**Problem to work on**
Word for word, please restate the line that contains "a70ad9f5cc456 Women's Plus" and all lines after it through the end of the material, minus the pictures.

++++ Dataset content ++++

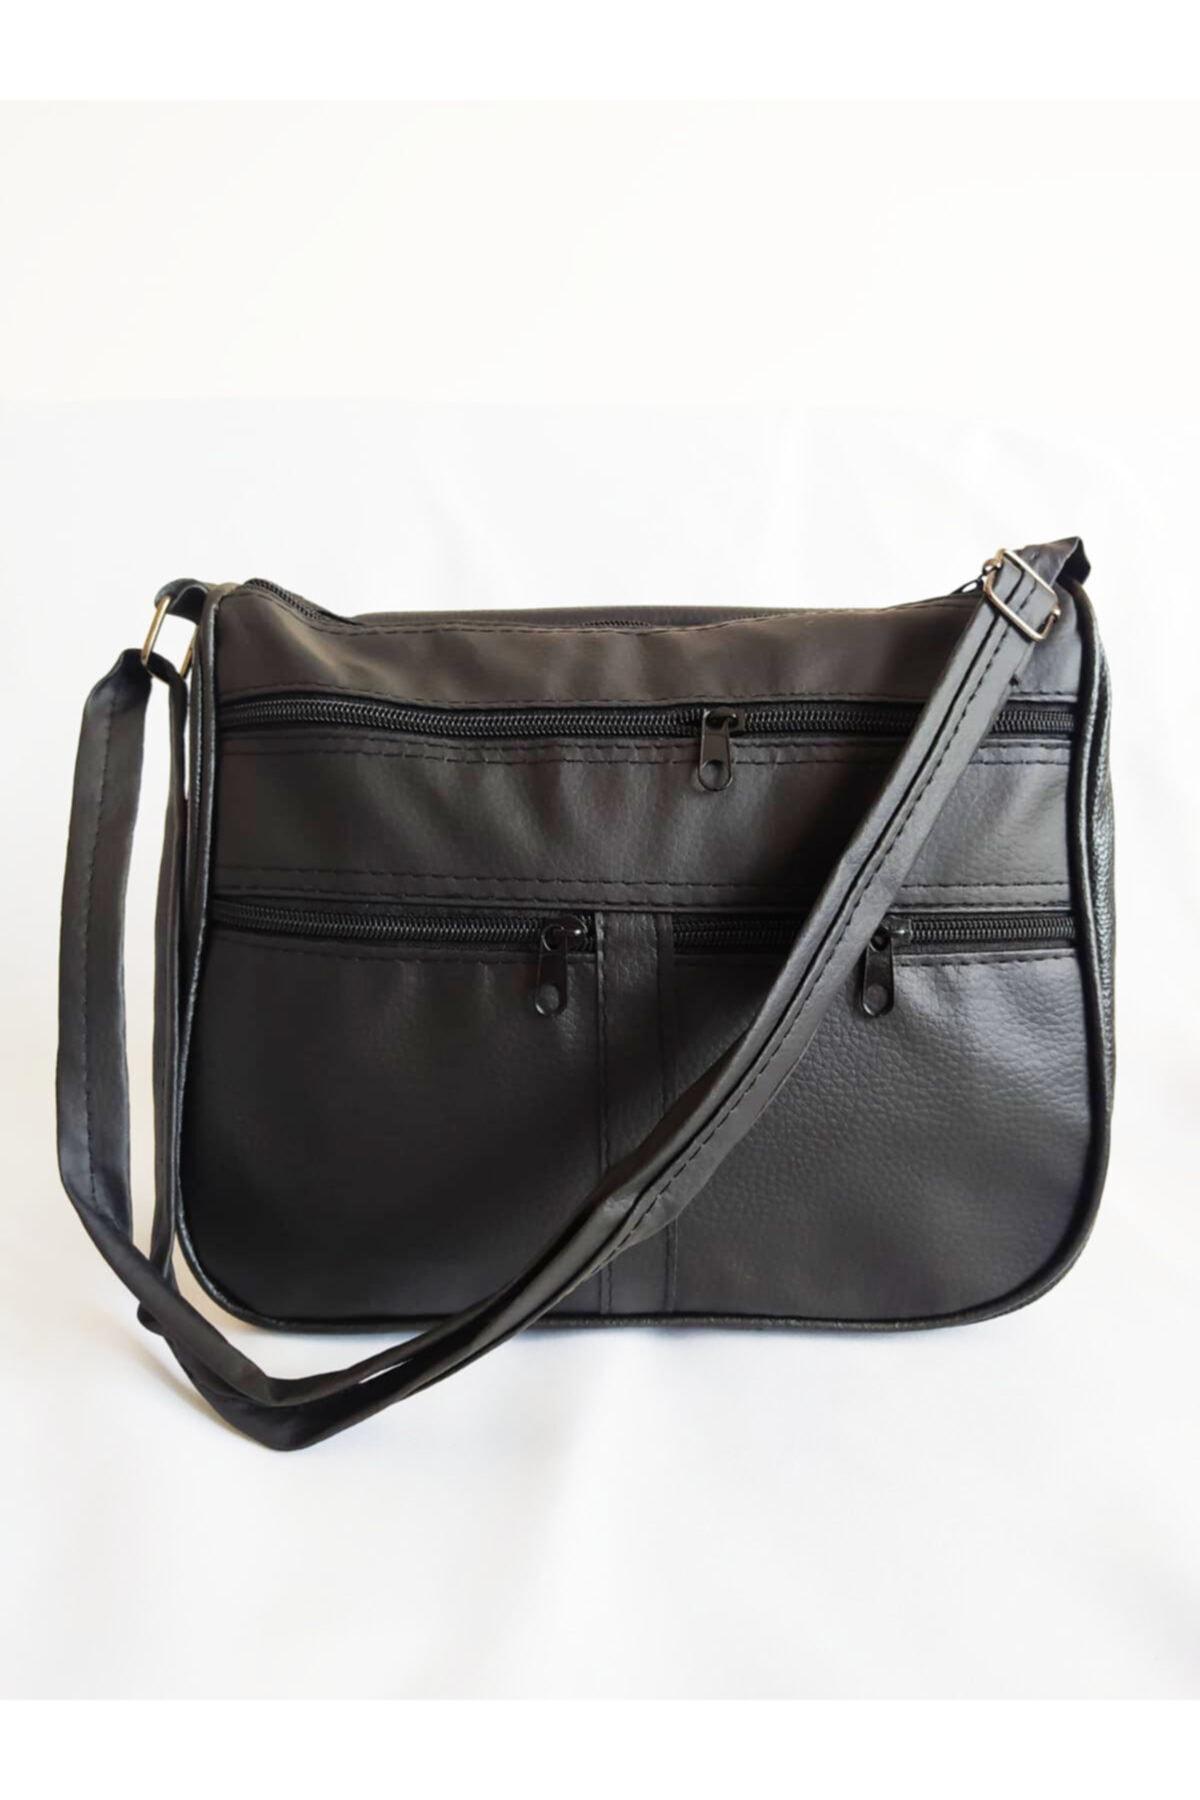 Sheilann Siyah Çapraz Kapaklı Çanta 2
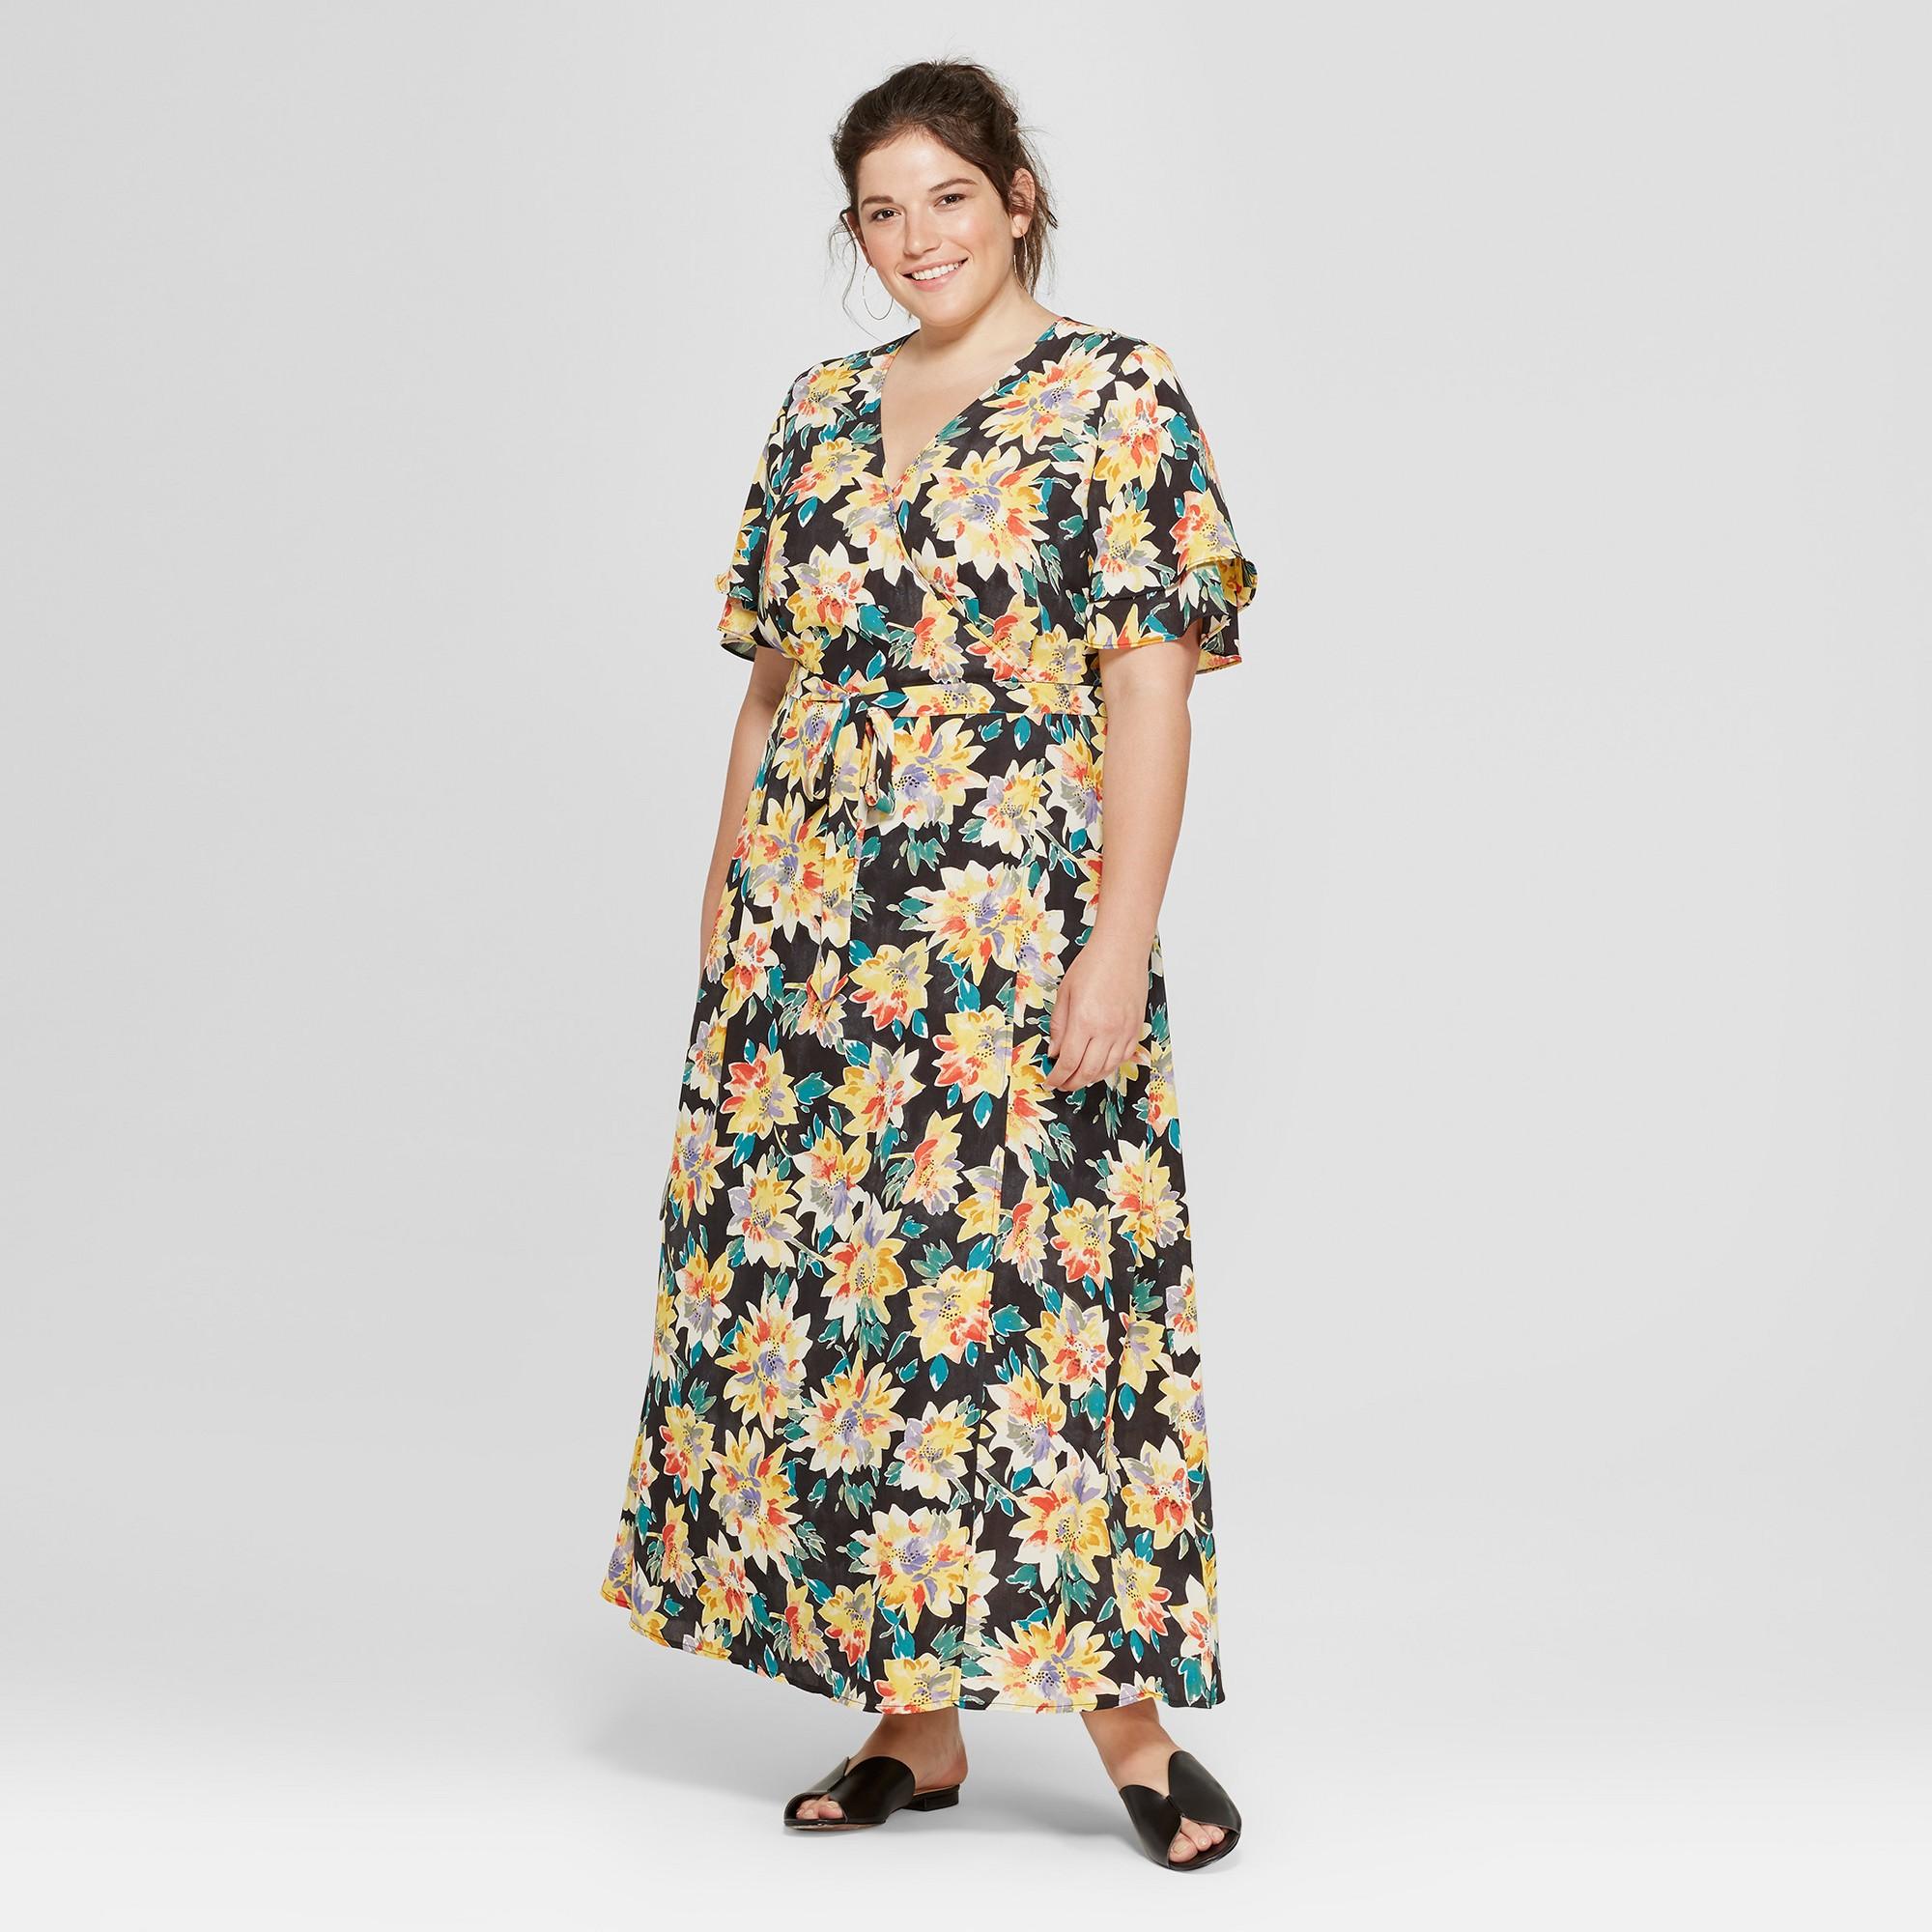 a70ad9f5cc456 Women's Plus Size Floral Print Wrap Maxi Dress - Ava & Viv Black 2X ...
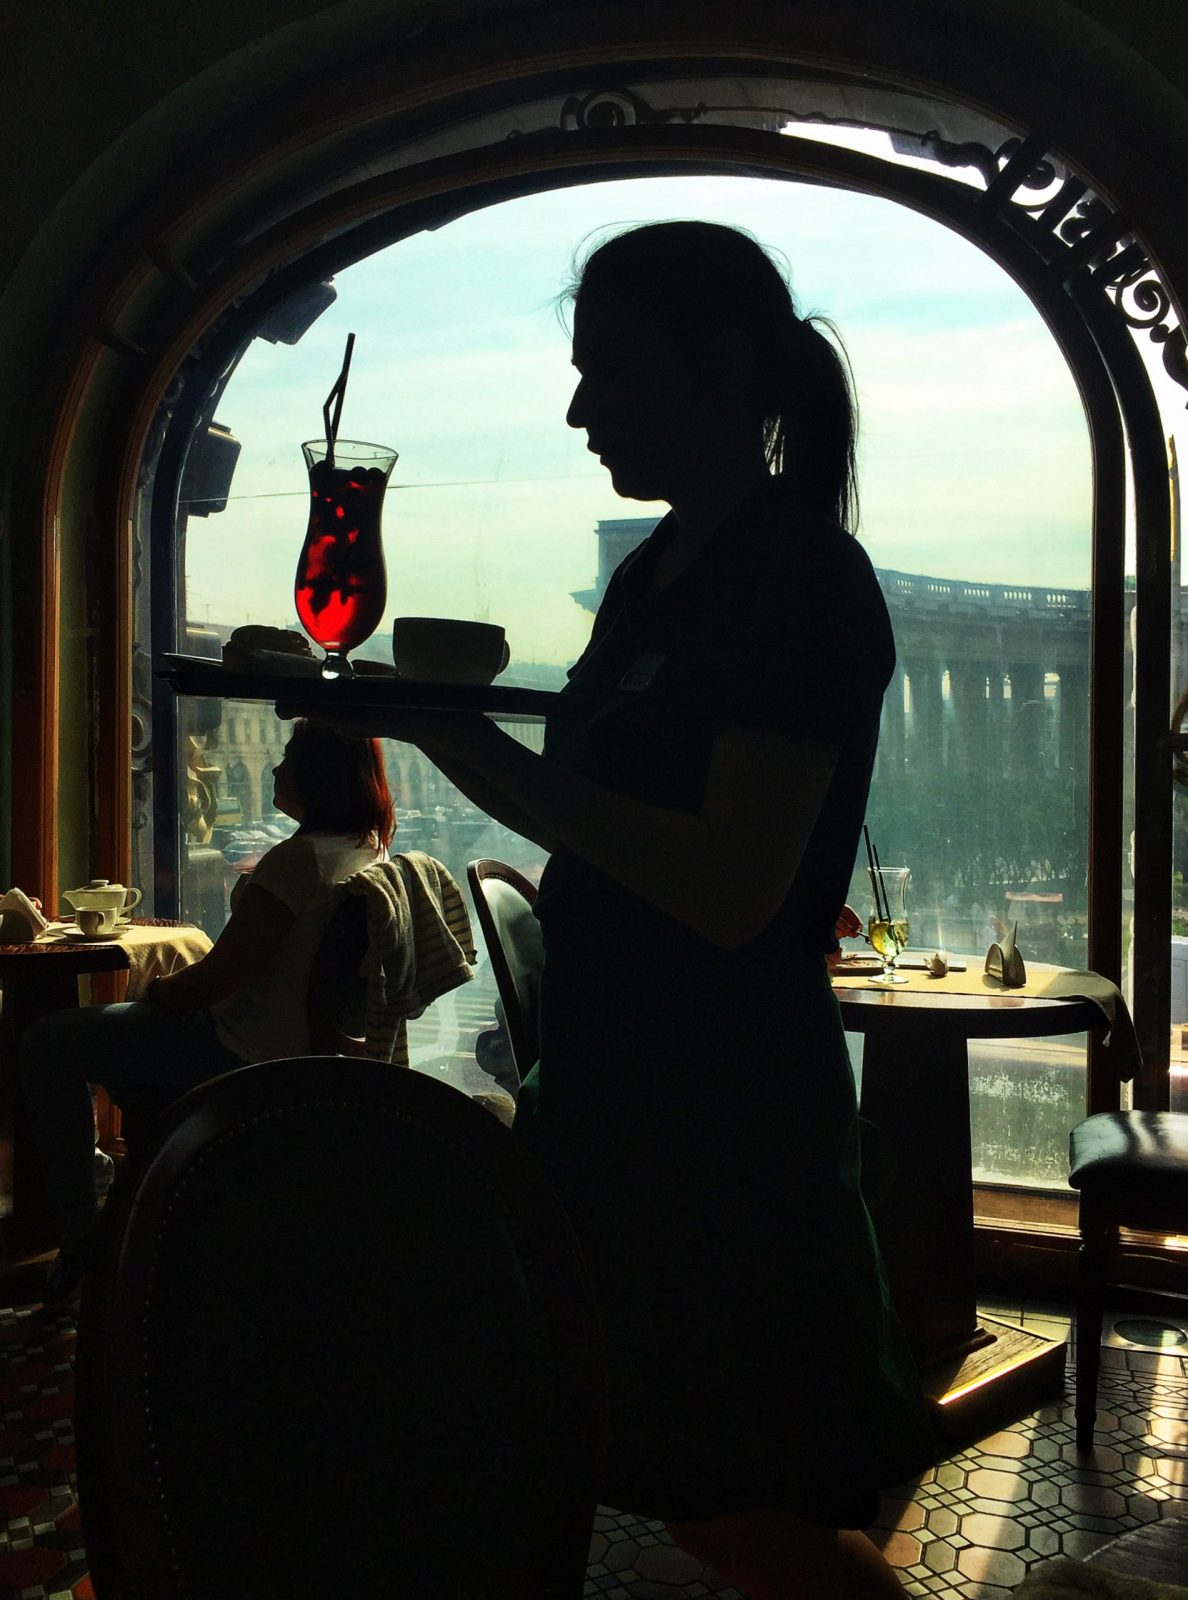 a waitress in a European cafe

++++

**Answer section**
 a70ad9f5cc456 Women's Plus Size Floral Print Wrap Maxi Dress - Ava & Viv Black 2X ...
 a waitress in a European cafe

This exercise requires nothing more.